Saturday, December 07, 2019

Daily Notes- December 7th

                                        

While emptying the large cupboard in the living room, a few items found their way into the bead bowl.  The bowl has a five inch diameter so you can imagine their size relative to the bowl.  A tiny wooded heart, an elephant and a Chinese cat.  Also the odd quartz chip above the elephant.

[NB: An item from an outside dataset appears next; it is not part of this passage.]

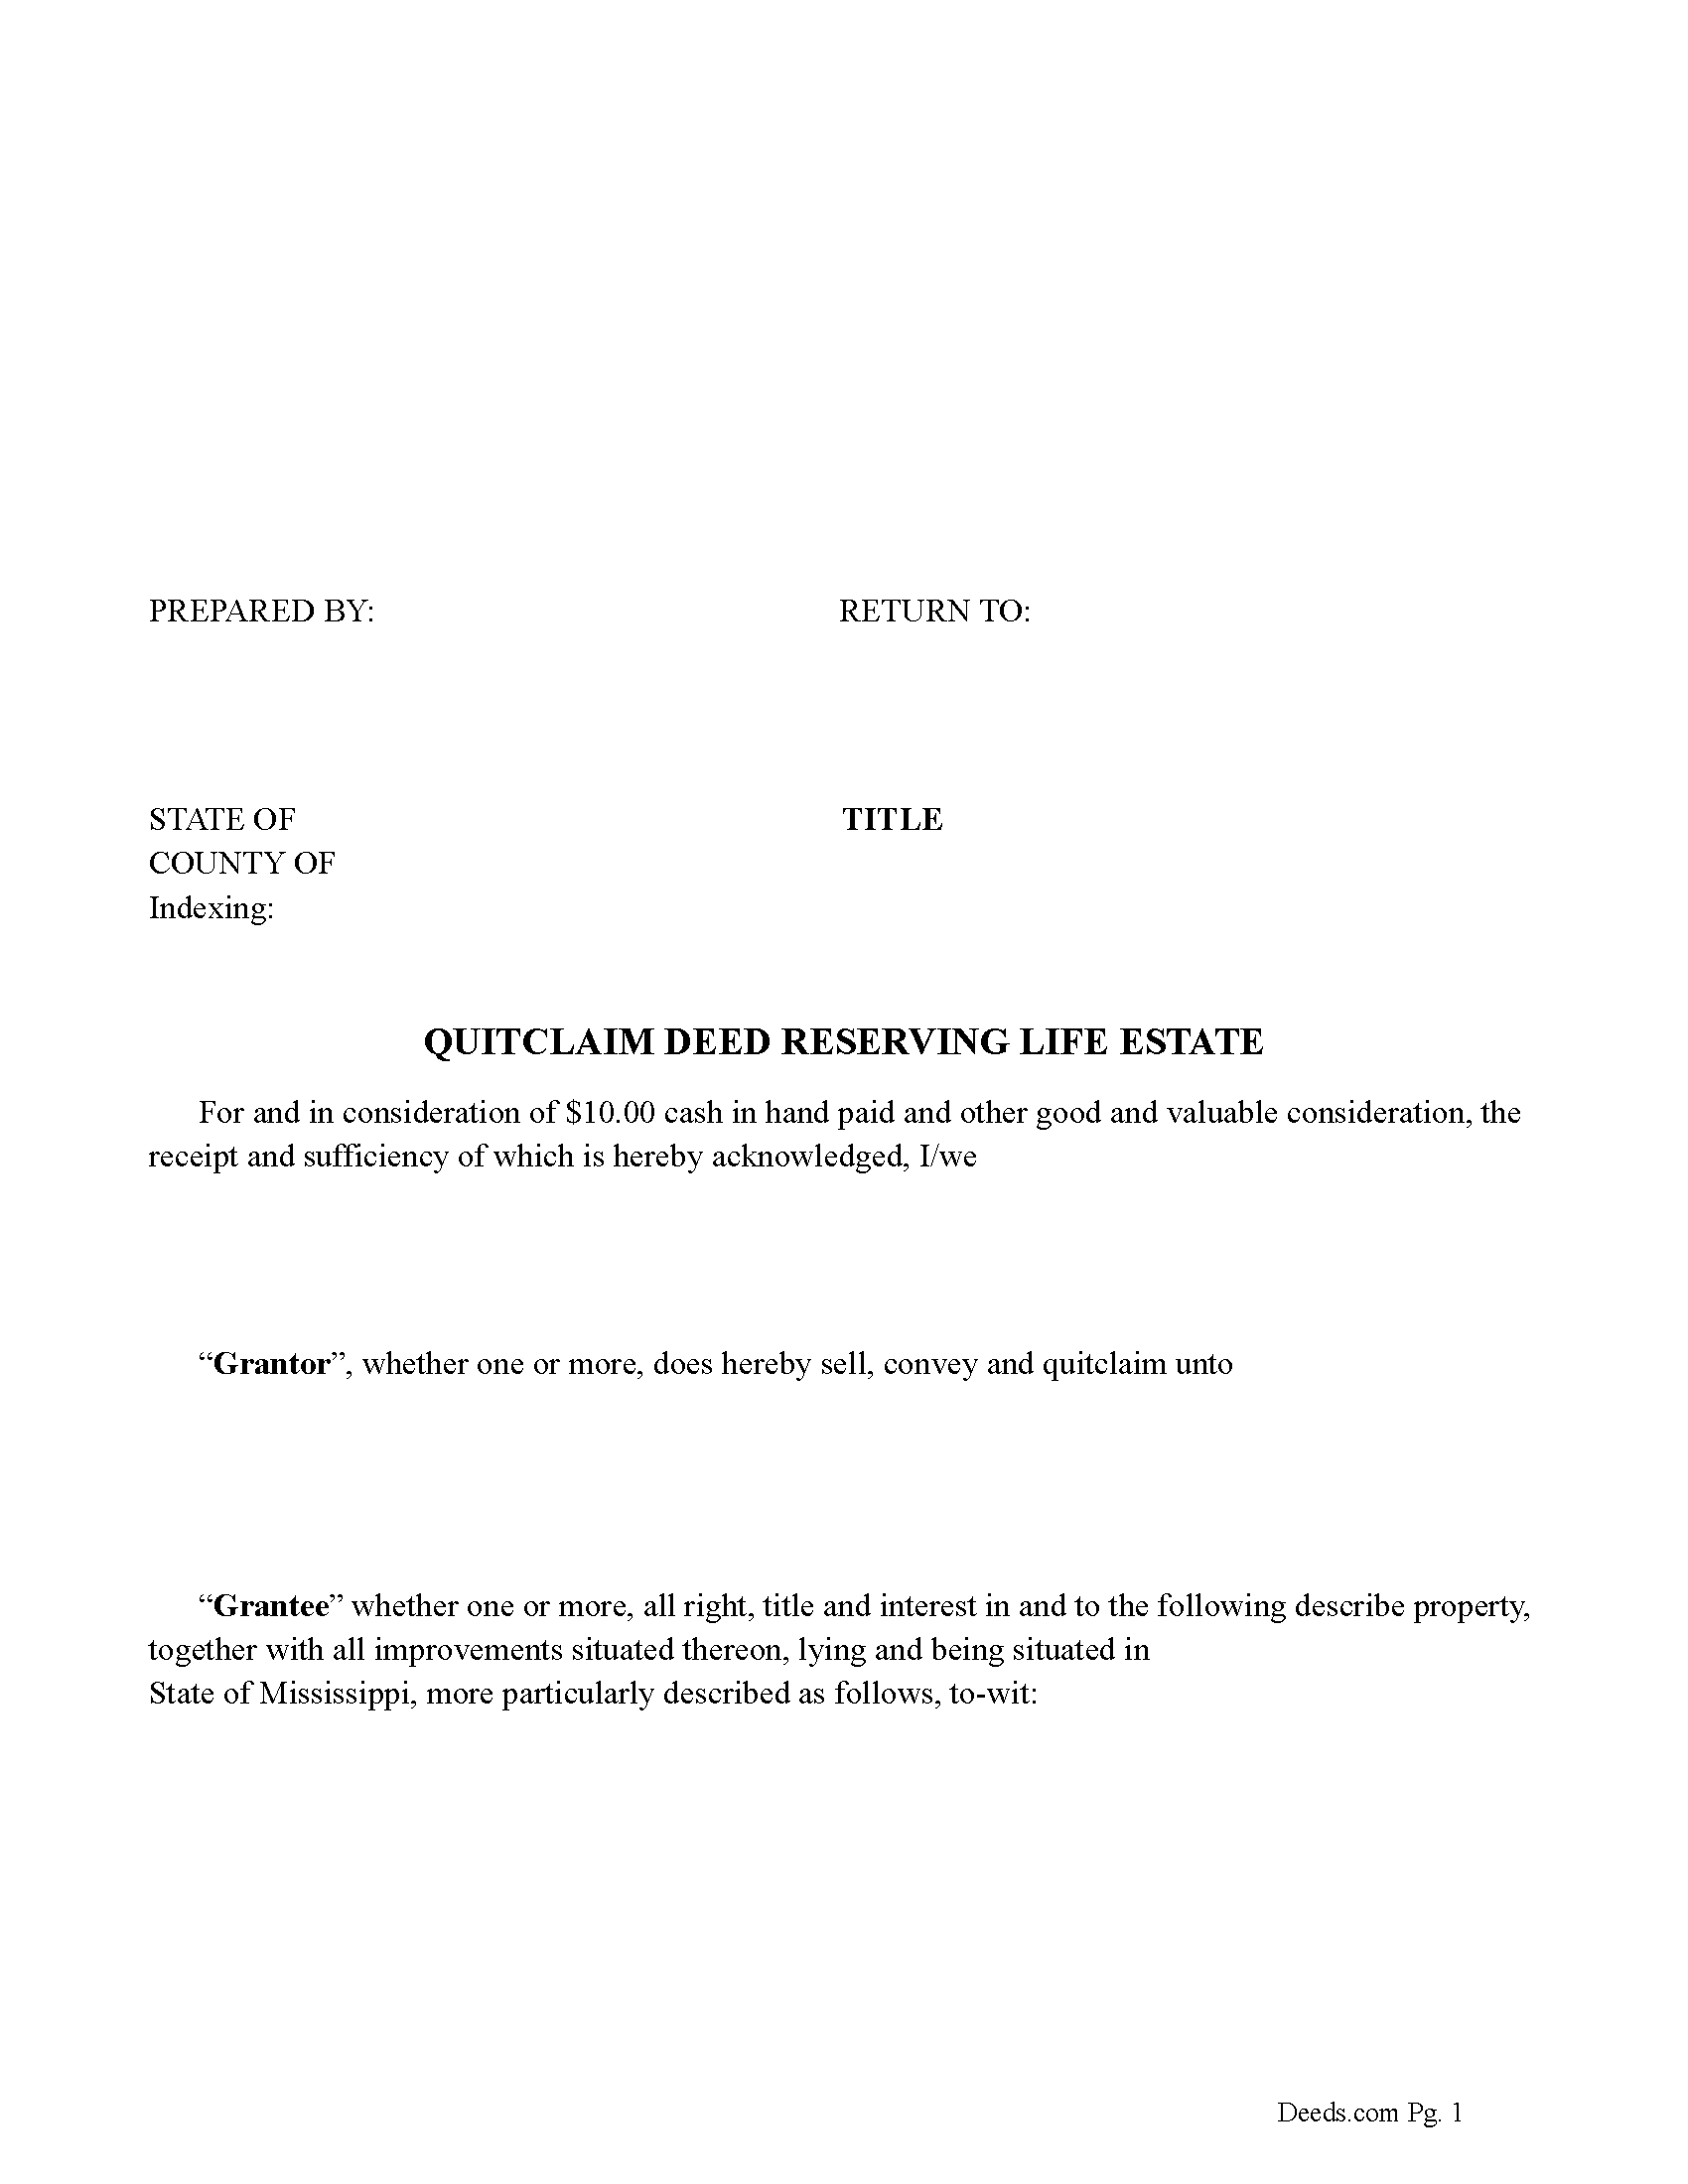 Quitclaim Deed Reserving Life Estate

The elephant holds a place in my heart.  When I was 10 my father- who rarely spent quality time with me, spent quality time with me showing/teaching me to draw an elephant free hand for a class project.  We drew on newspaper.  What we had.  Then I drew one on drawing paper.  I very proudly took the drawing to school (we were doing some sort of project) and the teacher (I was new to this school and scared) declared that I hadn't drawn the elephant myself and telling lies was a very bad thing.  The entire class laughed.  They continued to laugh and ridicule me until we all graduated from high school.  A class of 500.  And I was forever the odd duck.

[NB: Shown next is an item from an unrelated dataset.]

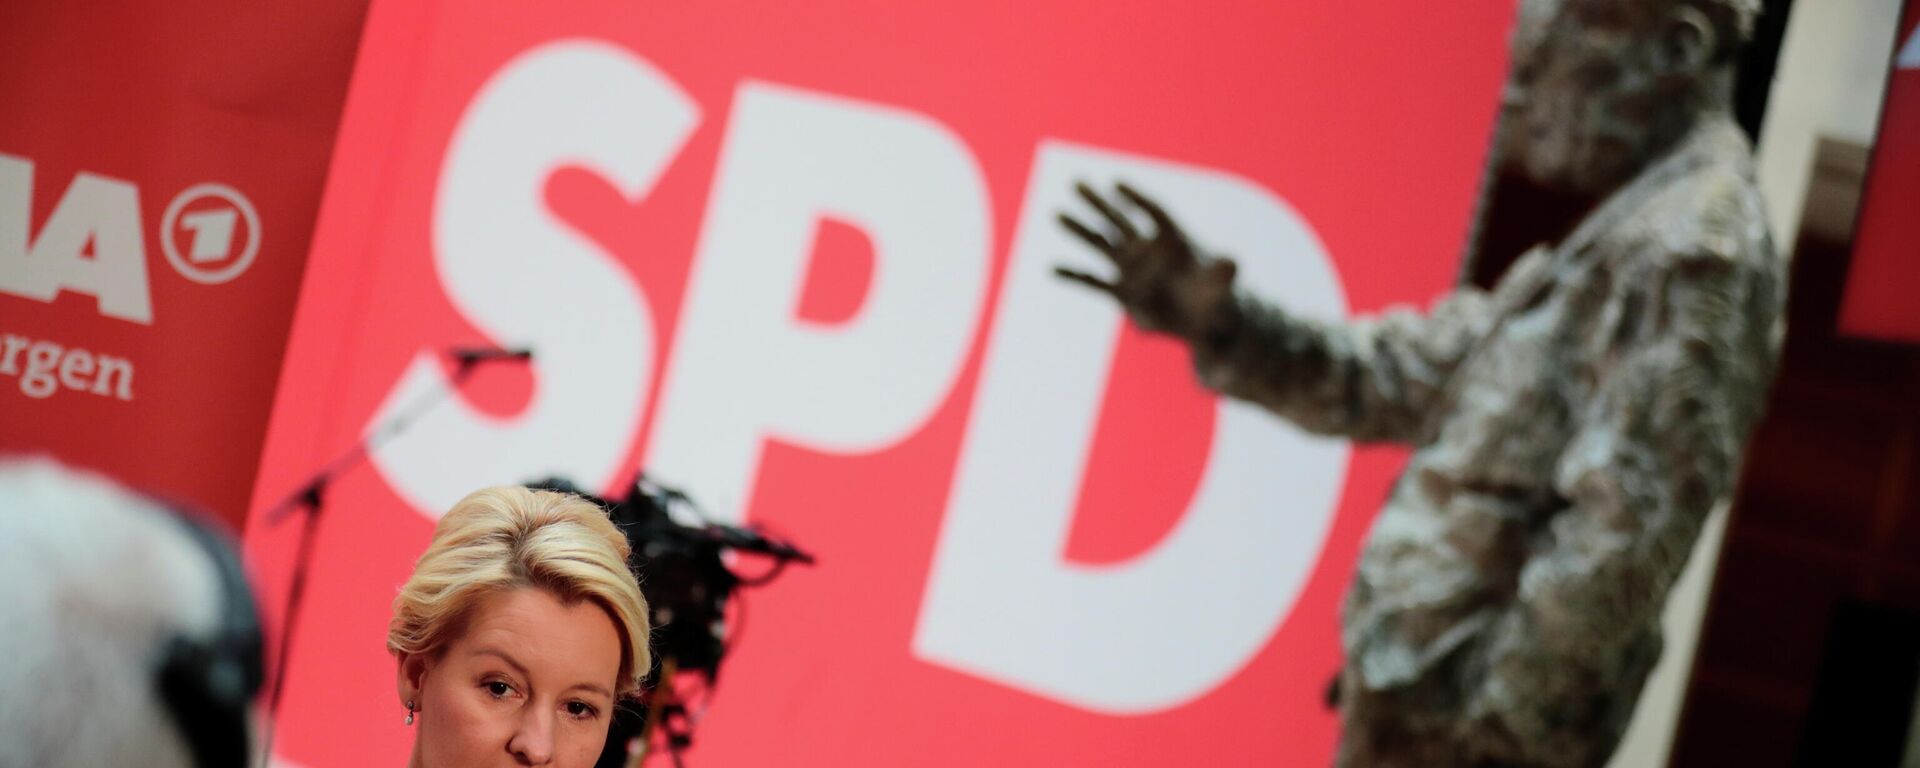 Franziska Giffey, del Partido Socialdemócrata (SPD), durante una entrevista, un día después de las elecciones parlamentarias, en Berlín, Alemania, el 27 de septiembre de 2021 - Sputnik Mundo, 1920, 27.09.2021

I was embarrassed and humiliated.  I asked for a sheet of paper and drew an identical elephant on it. In front of the class and teacher.  Such bravery.  No apology for her remark was given.  Nothing.  And that moment in time was where my Life went off the rails so to speak.  In the school where I had gone from kindergarten to grade 4- I was a happy child with friends.  That was never true in this school or the next or the next. As the people I was in school with from 5th grade never varied or changed.  Fate even wanted to fortify this shunning.  My college roommate in my freshman year was the Prom Queen/Head Cheerleader from my high school.  Luck of the draw. Fate.

I think I have told this story before on this blog- forgive me for repeating myself.  But the little elephant brings it all back.

I survived- but at what cost?   I often wondered what happened to the girl even lower on the classroom scale- the girl who ate paste.

2 comments:

Anonymous said...

sad post, I'm so sorry for those circumstances of your school days!

Annie

DianeN said...

I'm sorry you had to go through that dreadful experience. I have never understood why some people insist on trying to make others look small. But oh my! You were so courageous drawing that elephant again in front of all of them.

Sending a hug because you're special to all of us who read this blog. We don't see the odd duck. We see a lovely, artistic, caring woman. Remember that because we're all sending you, both your current self and that little girl who was humiliated, our love.

Take extra special care of yourself, Joanne.